We both sighed simultaneously, and I couldn't help rolling my eyes. I saw that small smirk I loved, and I wasn't so angry anymore.
"Okay, let's share. Unless it's something obvious, like those stupid Jerry Lewis movies of yours, we can flip a coin." I'd given him those movies, years ago, figuring that if the French like Jerry Lewis, then so must a French major. We hadn't had a working VCR for several years, yet Thomas hadn't thrown the tapes away; he hadn't even stuck them in the attic, along with the rest of the stuff we no longer used but couldn't quite bring ourselves to get rid of.

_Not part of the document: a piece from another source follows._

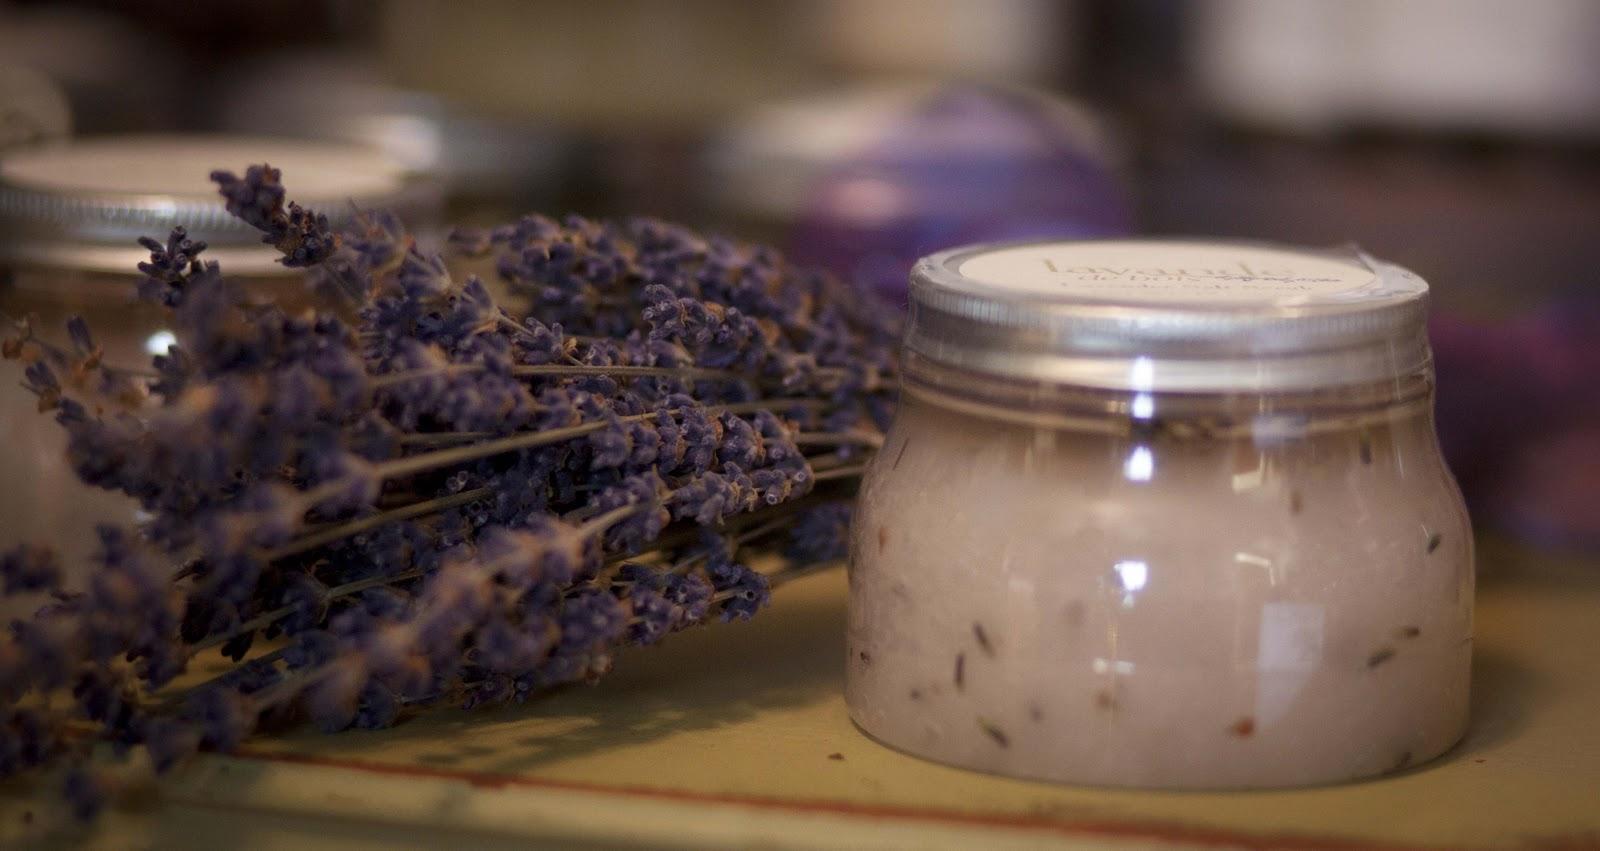 Homemade Soap, Salt Scrubs and Salt Soaks

He agreed to flipping a coin and we left the rest to luck. And luck seemed to be mostly on my side, in that I won all the original Star Trek box set, not to mention all of the Arrested Development DVDs (which Thomas insisted needed to be treated separately, since they'd been purchased separately).

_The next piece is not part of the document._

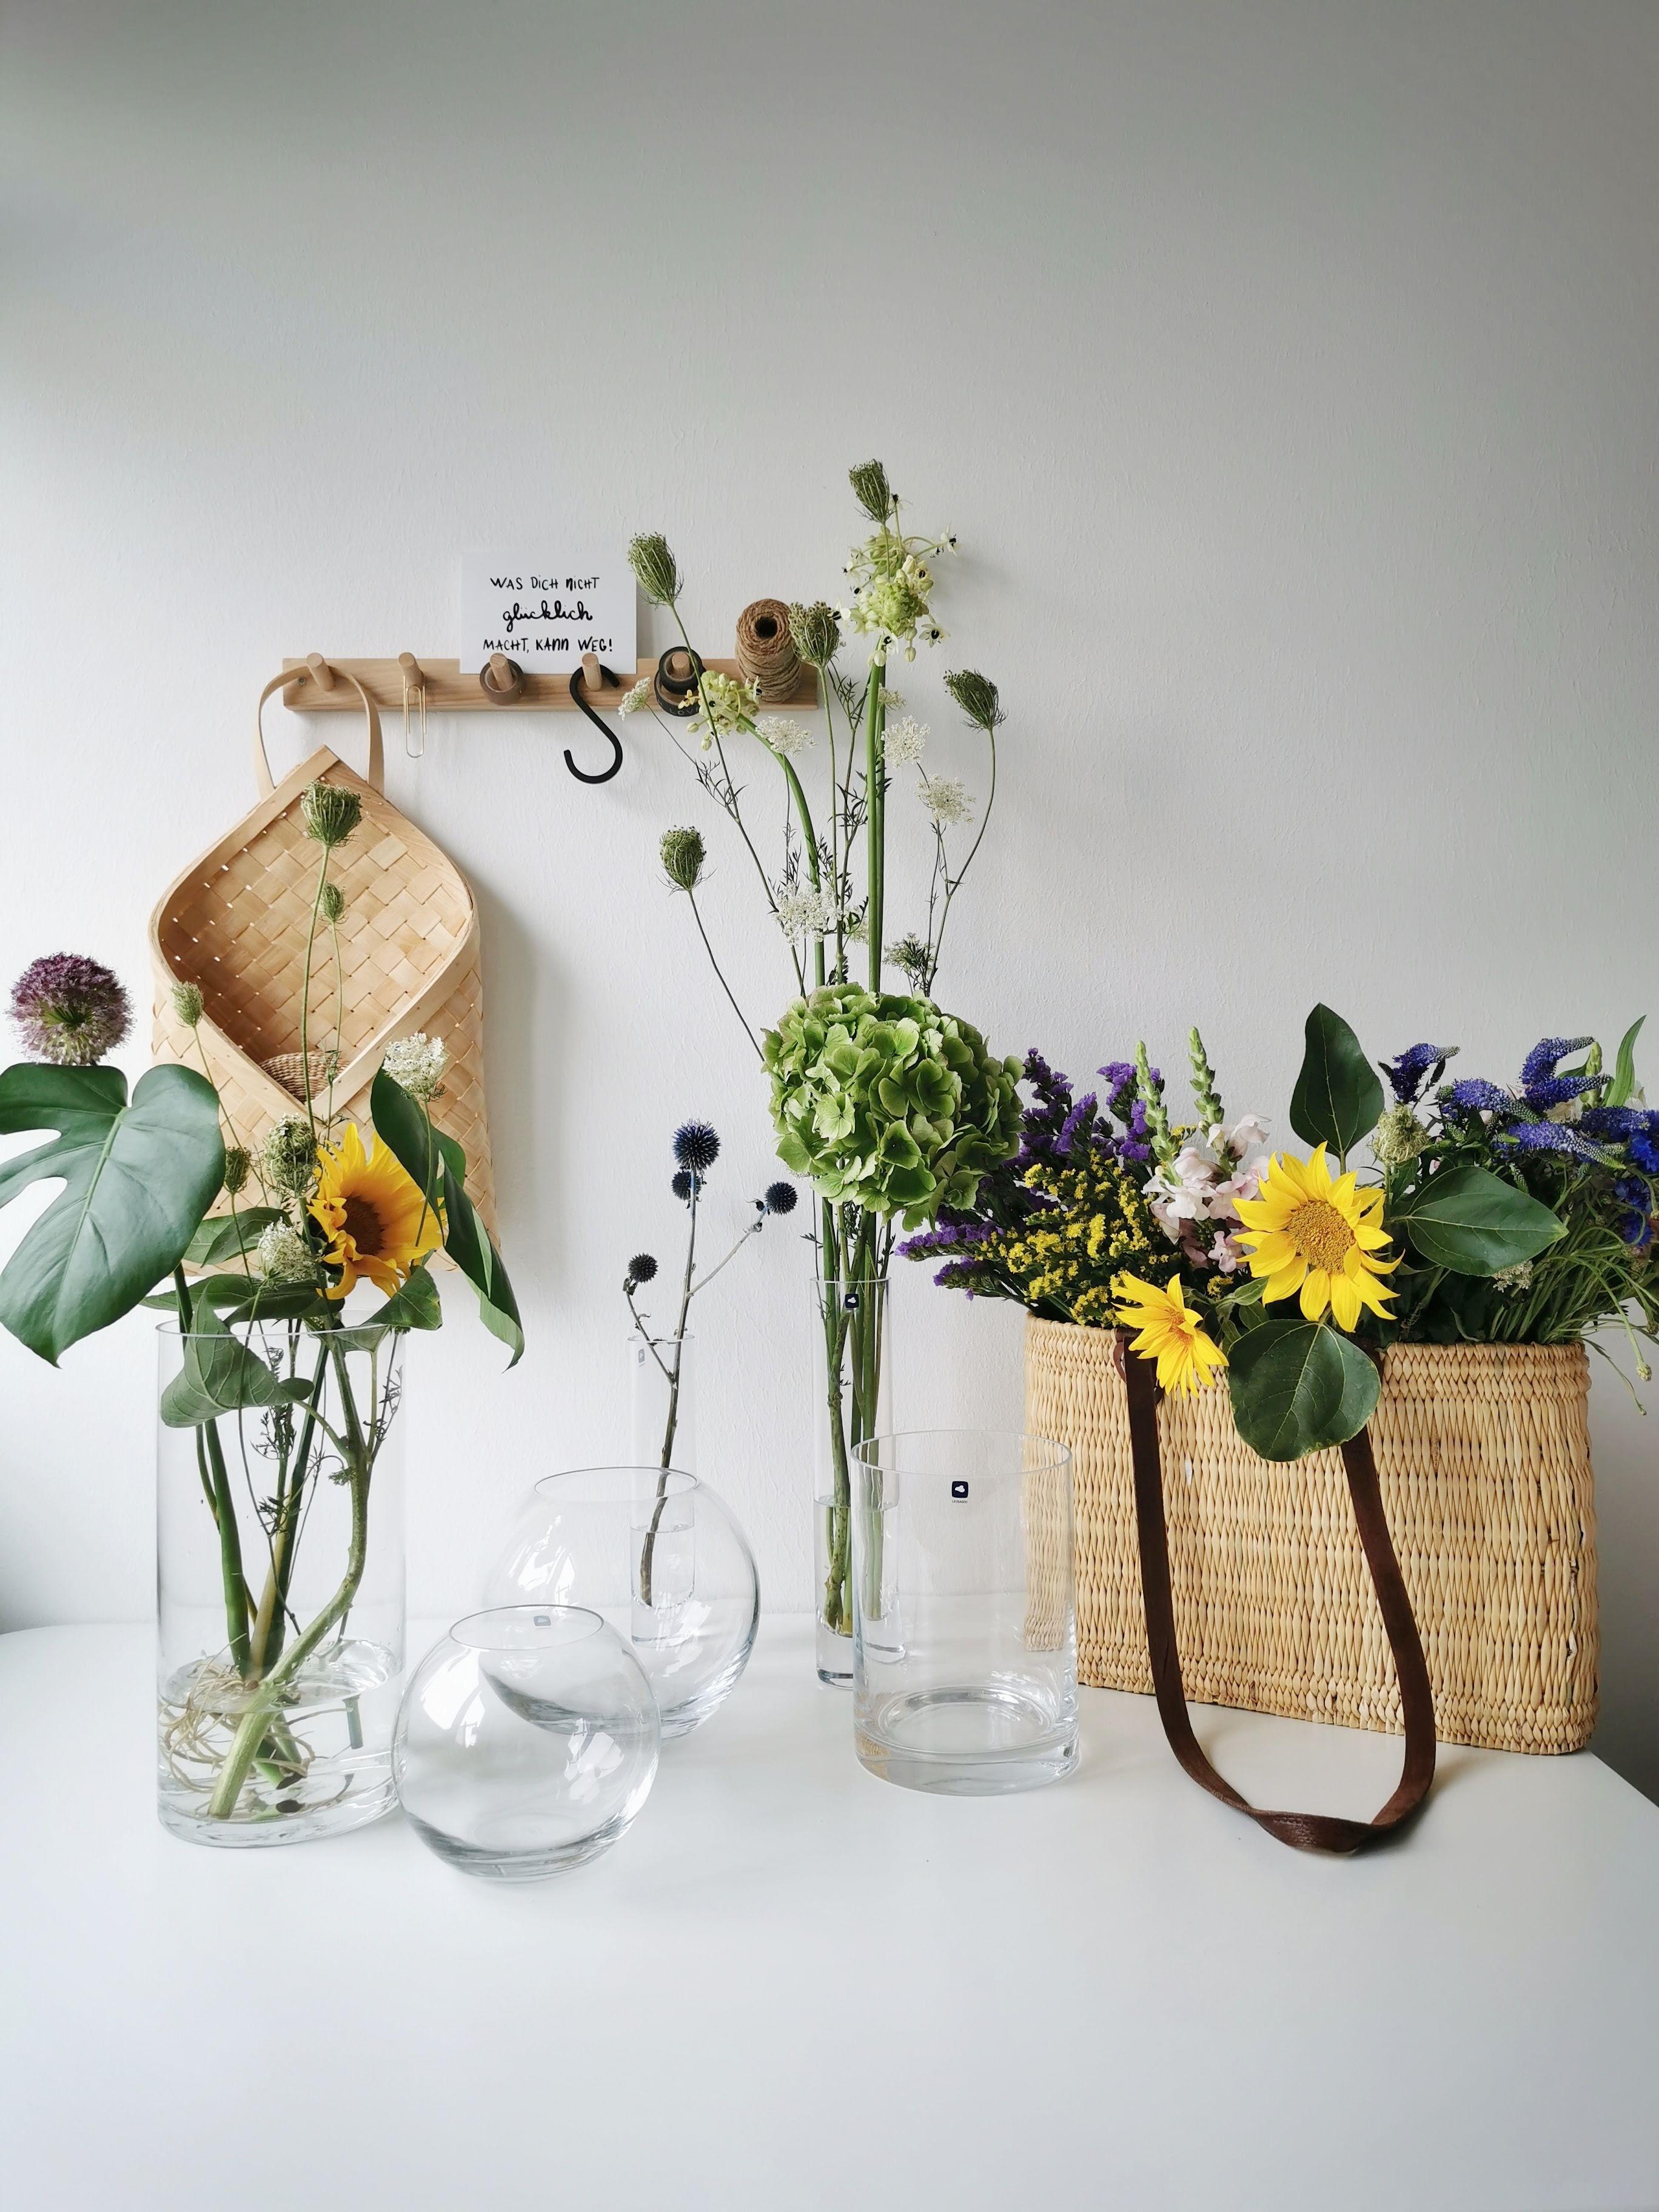 7 Wege zu floraler Abwechslung und Dekoideen mit Glasvasen | mammilade.com

By the time I left maybe we were friends, or at least friendlier than we'd been. And there was no doubt in my mind that having my favorite DVDs and my pride intact couldn't compensate for not having Thomas.
********************
It was inevitable that, since Thomas knew what he wanted and I only had some half-baked and untested ideas about what I thought I didn't, he would prevail. It didn't happen immediately or all at once and it was more me pulling than Thomas pushing, or so it felt at the time. The only thing that Thomas ever required was that I expressly ask for it and that I not be a dick afterward. In essence it meant that I initiated sexual encounters between us and he ended them. And afterward, everything was more or less back to normal until the next time.

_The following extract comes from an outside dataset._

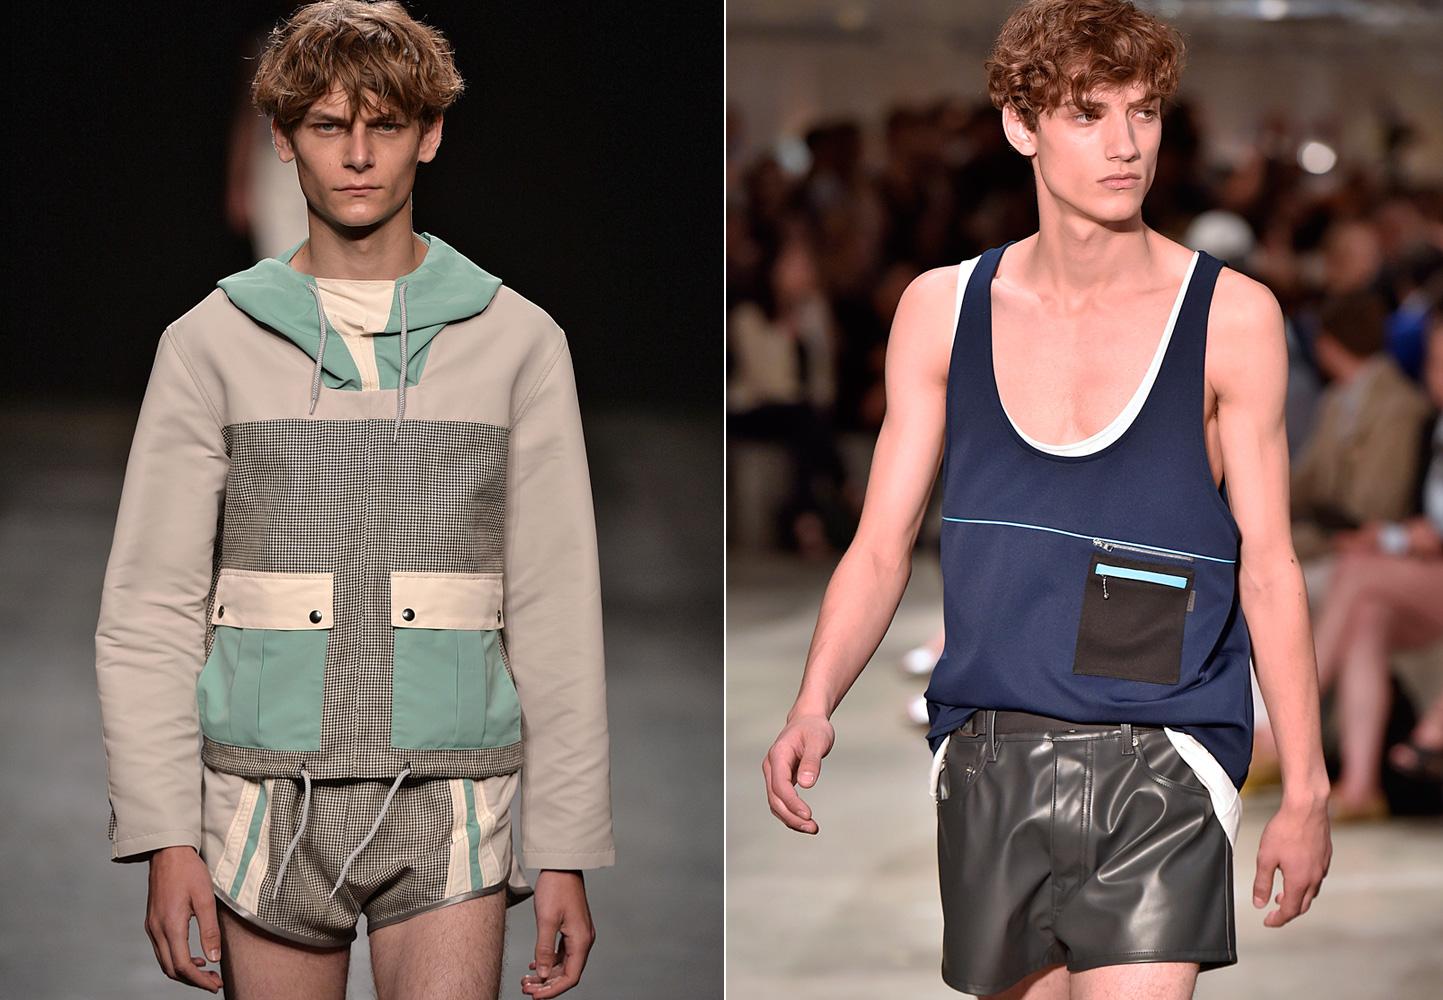 Tendencia-shorts-street-style-como-usar-desfile-prada-topshop

Neither of us commented on the fact that the intervals between encounters were getting shorter and that we were doing a little bit more each time. I didn't want to acknowledge it, and I was happy that he didn't either. Whenever I wasn't with him, when I was in class or at swim practice or working in the dining hall, I would concentrate fiercely on the moment. There was always something new to memorize, another lap to swim, more shredded cheese to sweep off the carpet around the salad bar; life went on. And then I'd get back to my room, and Thomas would be there, and my world would shift on its axis.